Member of the Oregon Senate from the 28th district
- Incumbent
- Assumed office January 13, 2025
- Preceded by: Dennis Linthicum

Personal details
- Party: Republican

= Diane Linthicum =

American politician

Diane Linthicum is an American politician, currently serving in the Oregon State Senate. A member of the Republican Party, she represents the 28th district, which encompasses all of Klamath County as well as outlying parts of Deschutes and Jackson Counties.

She is the wife of the previous senator to hold this seat, Dennis Linthicum, who was deemed ineligible to run for re-election due to his participation in the 2023 Oregon Senate walkout and the passage of Measure 113, which denied eligibility to run for re-election to any state legislator with 10 or more unexcused absences in a legislative session.

== Education ==
Linthicum studied business at Orange Coast College and Rio Hondo College, both community colleges located in California.

== Career ==
In her biography, Linthicum lists her occupational background as an office manager and CFO for Aslan Enterprises, and as the owner of Burning Daylight Foods. Linthicum and her husband, Dennis, also own a ranch.
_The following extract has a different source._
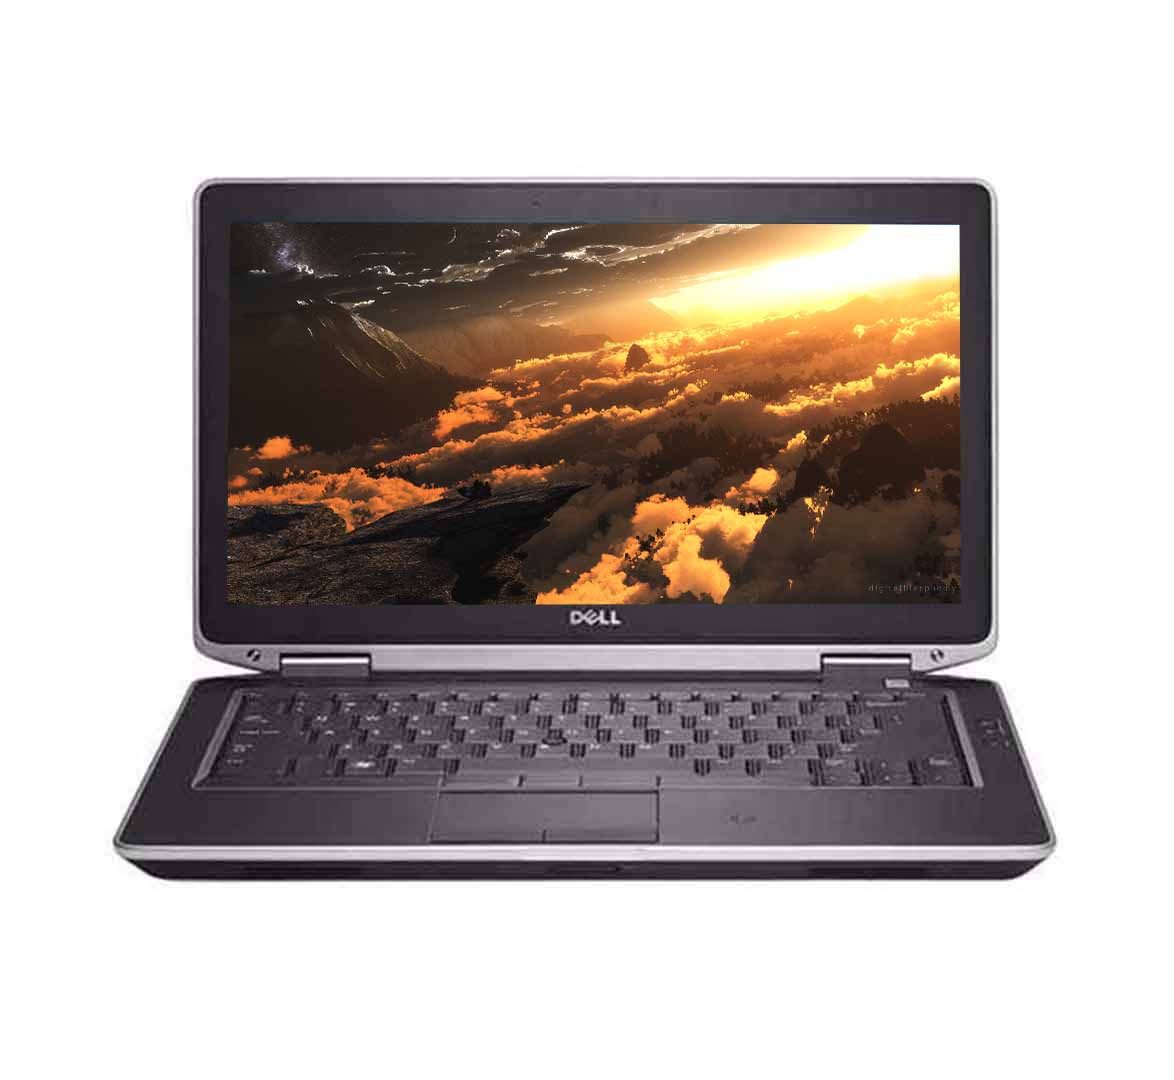 Dell Latitude E6530 Business Laptop, Intel Core i5-3rd Gen CPU, 8GB Ram, 500GB HDD, 15.6 Inch Display, Windows 10 Pro Refurbished Laptop

Linthicum served as chief of staff, constituent program director, and policy analyst for her husband while he served in the Oregon State Senate.

=== Oregon State Senate ===
In 2023, Dennis Linthicum participated in the 2023 Oregon Senate walkout. Due to the passage of Measure 113, Dennis was denied eligibility to run for re-election to any state legislator with 10 or more unexcused absences in a legislative session. Diane announced her candidacy for her husband's seat in the next election. In the primary, Linthicum defeated Klamath County Commissioner Dave Henslee with 59.1% of the vote. In the general election, she defeated Democratic nursing assistant Dylan Guttridge with 69.7% of the vote.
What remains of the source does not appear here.